Ахмадулина была олицетворением свободы внутри стихии языка. В лучших своих стихах – роскошной свободы. И одновременно – подъемной силы этой стихии. Поэтому и создавалось впечатление взлета, полета, когда она читала стихи – вытягиваясь вверх и вперед, чуть-чуть наклоняясь вперед, как будто перед отрывом от пола, от земли.
Поэзия была средой ее обитания. Выбором и складом слов она ставила заслон вульгарности, посредственности, неодаренности.

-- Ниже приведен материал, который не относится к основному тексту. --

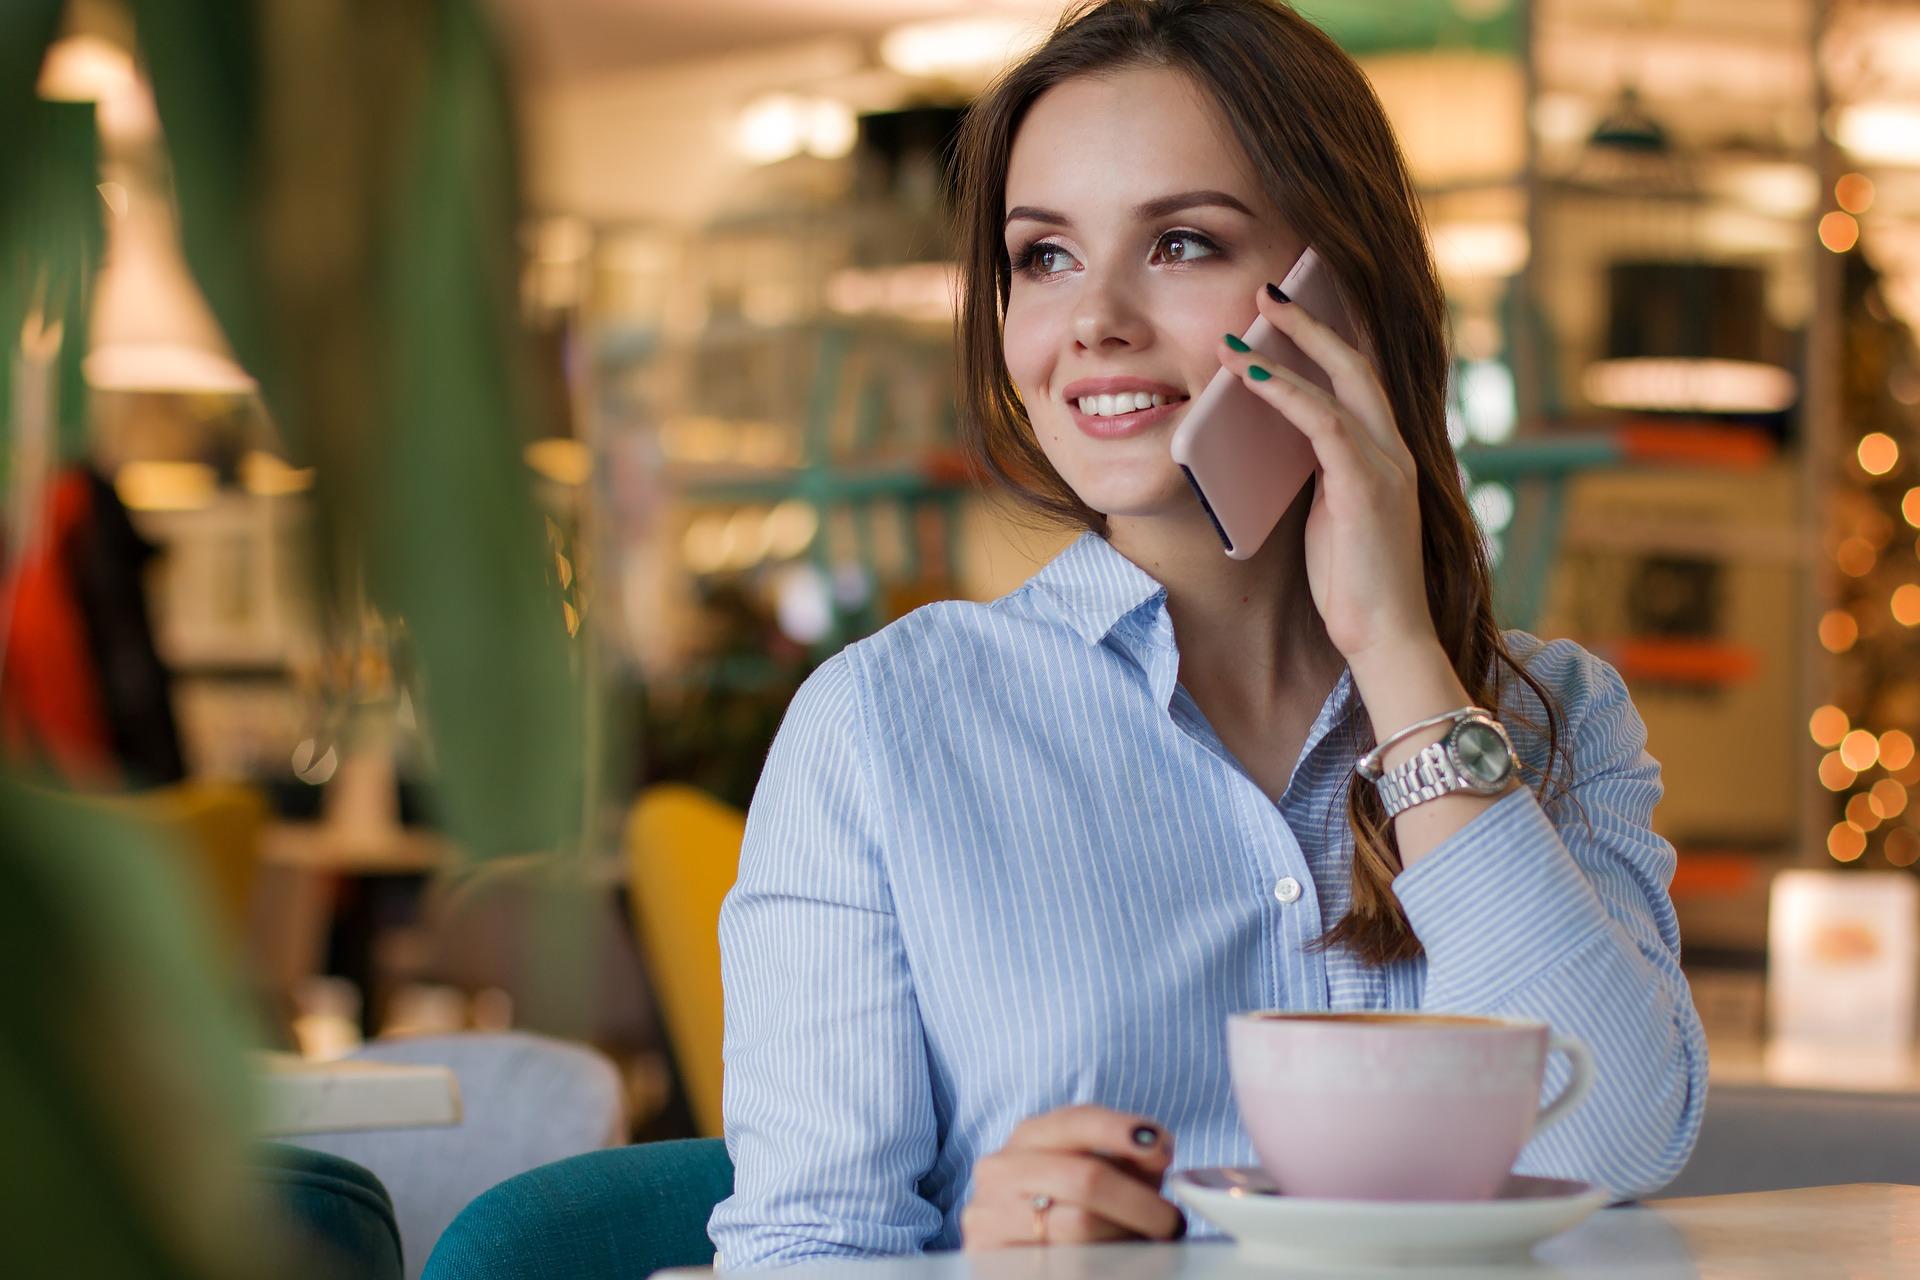 Trois_stratégies_pour_que_votre_entreprise_transforme_les_communications_avec_les_clients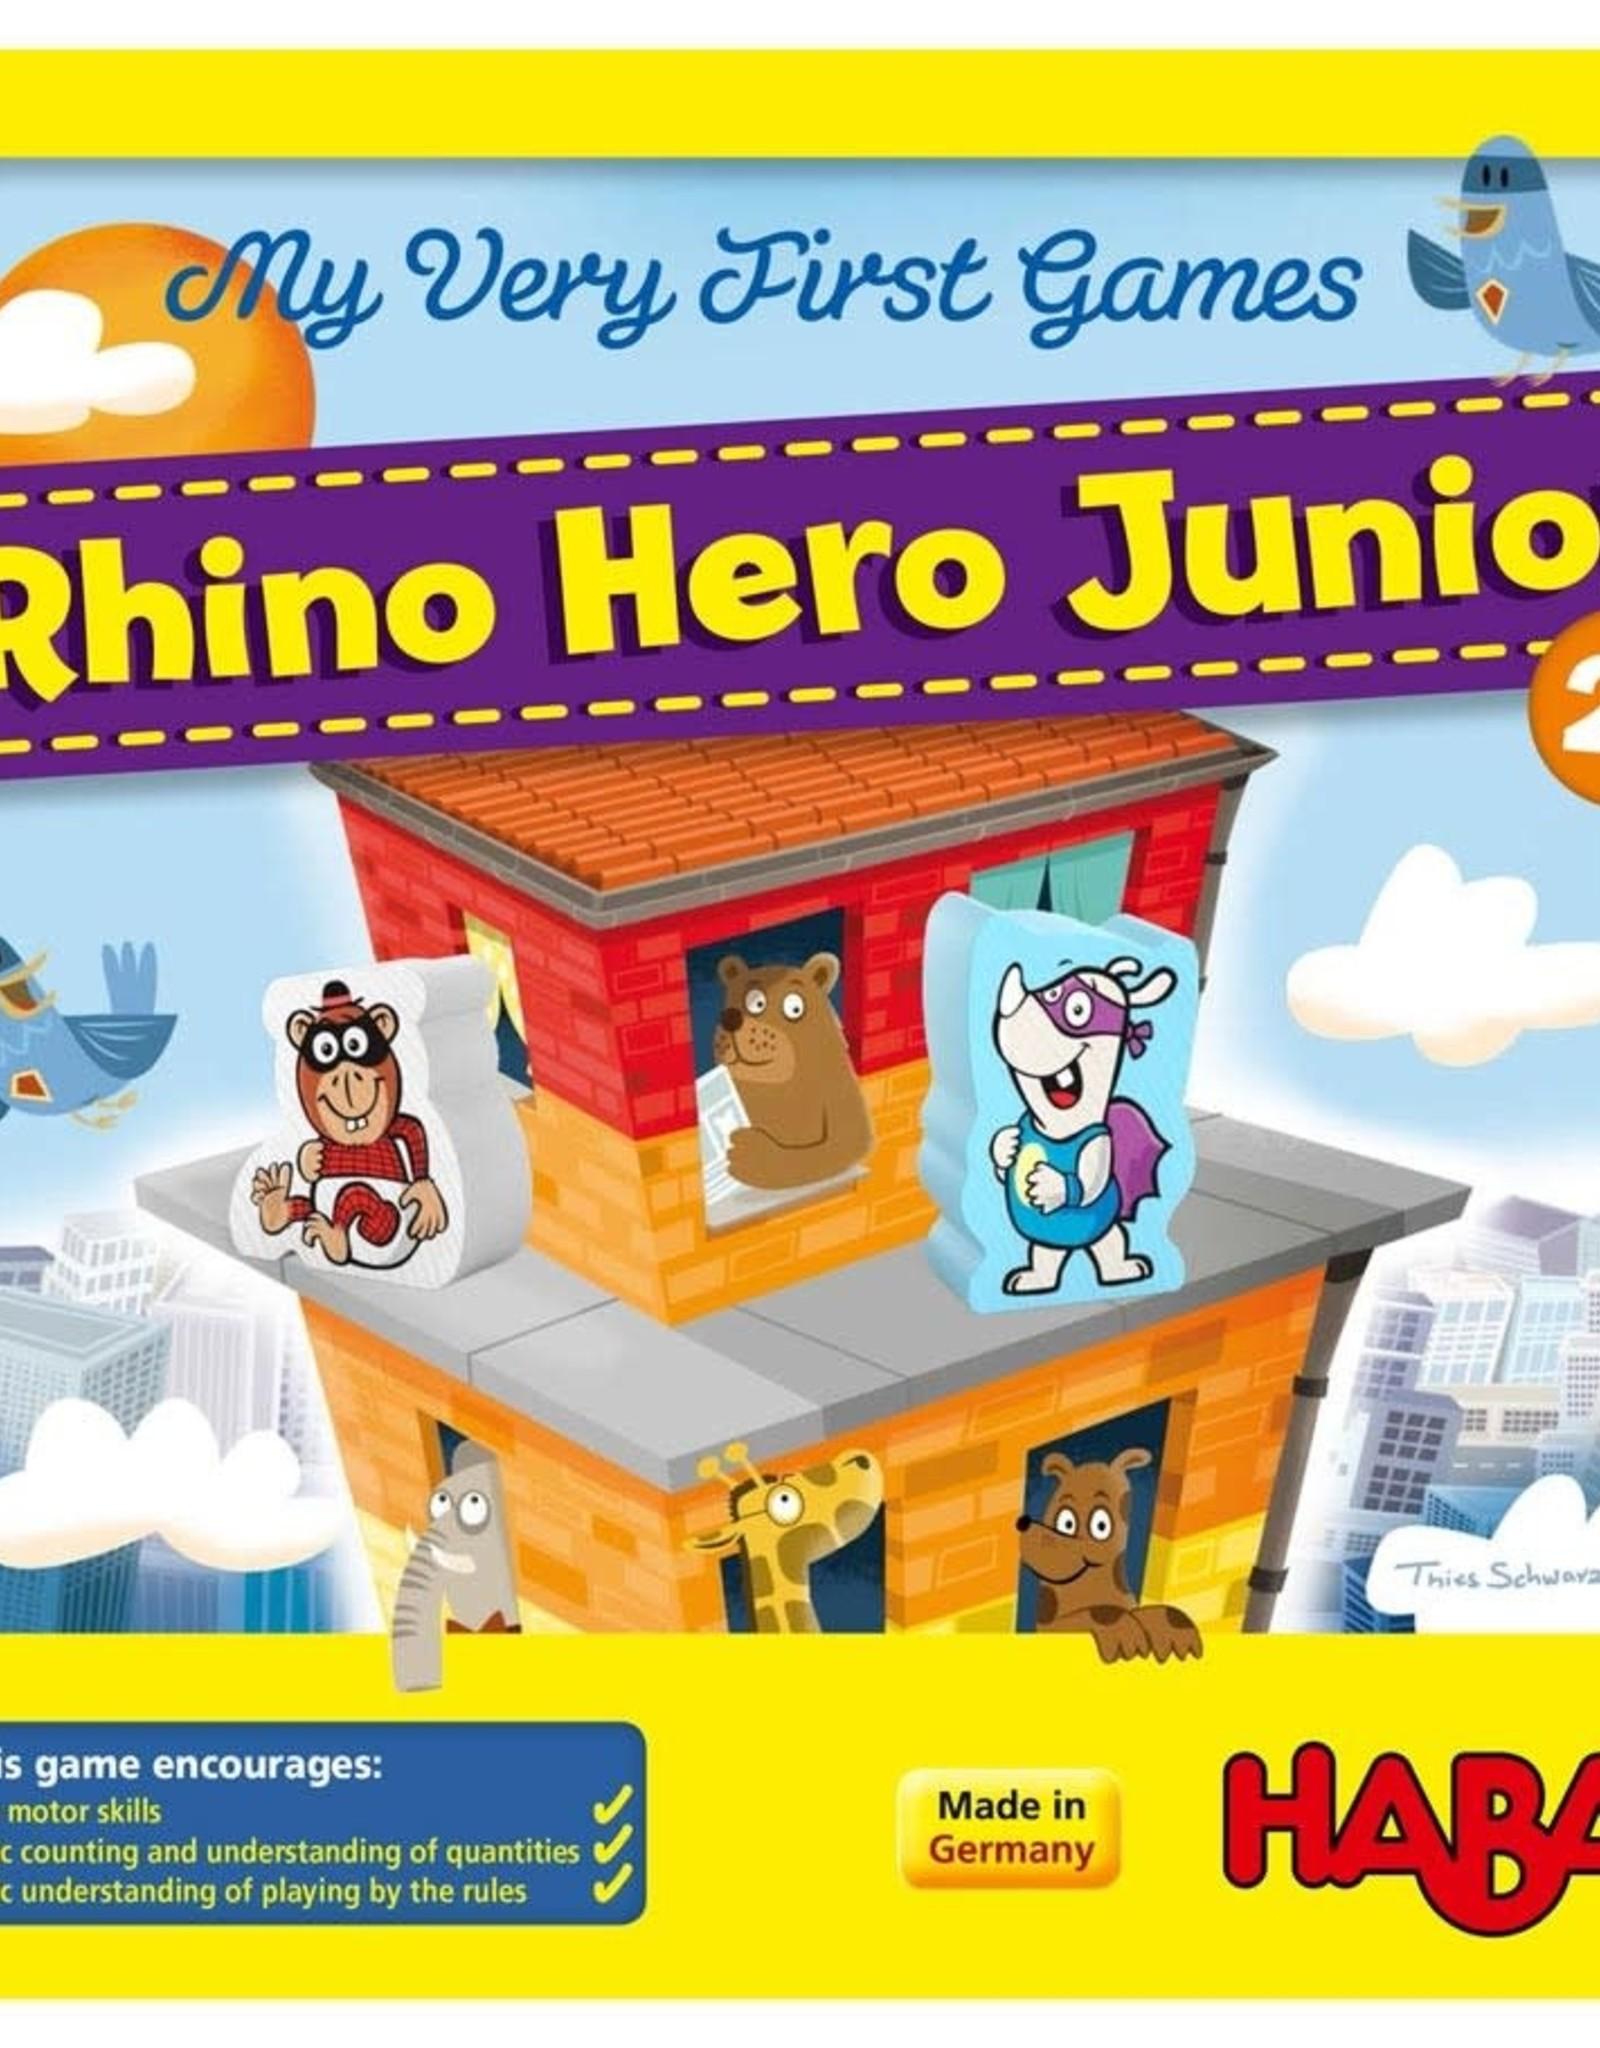 MVFG: Rhino Hero Junior

И тому, что притворялось поэзией.
В ней жило чувство преданности, благодарности и преклонения по отношению к любимым поэтам. К старшим. Любила она лучших, называла их по имени-отчеству – Борис Леонидыч, Анна Андревна, Марина Иванна, Осип Эмильич. Тех, про кого в ранней молодости она написала «Об это старинное древо утешу ладони свои».
Она была красивая женщина. Остроумная. Умница. Расположенная к людям и верная друзьям.
Анатолий Найман, поэт, переводчик, эссеист, прозаик, мемуарист.
Белла Ахмадулина была тогда совсем юной и полной энтузиазма, на Евтушенко, который был старше ее на четыре года и уже считался опытным поэтом, она смотрела снизу вверх. Он был частью того мира, в который она еще только хотела попасть. И он ввел ее туда – в мир литературной богемы, в котором она очень быстро не только прижилась, но и стала королевой.
К сожалению, она сама почти не рассказывала об их отношениях, их браке, да и вообще, когда читаешь ее воспоминания и интервью, складывается впечатление, что она вообще до своего последнего мужа Бориса Мессерера не была замужем. Она много вспоминала о поэзии, работе, собаках, каких-то печальных и забавных случаях из жизни, но практически никогда ничего не говорила о личной жизни. Это особенно удивительно, ведь ее мужья, наоборот, много и очень эмоционально писали о жизни с ней, о том, как любили ее, как страдали, как расставались… А она все свои эмоции выплескивала только в стихах. Так, в 1955 году она писала:
Дождь в лицо и ключицы,
и над мачтами гром.
Ты со мной приключился,
словно шторм с кораблем.
А в мемуарах об этом молчание. Тишина. Хотя, один эпизод из времен ее романа с Евтушенко они описали оба, и это очень показательно – как именно они его запомнили.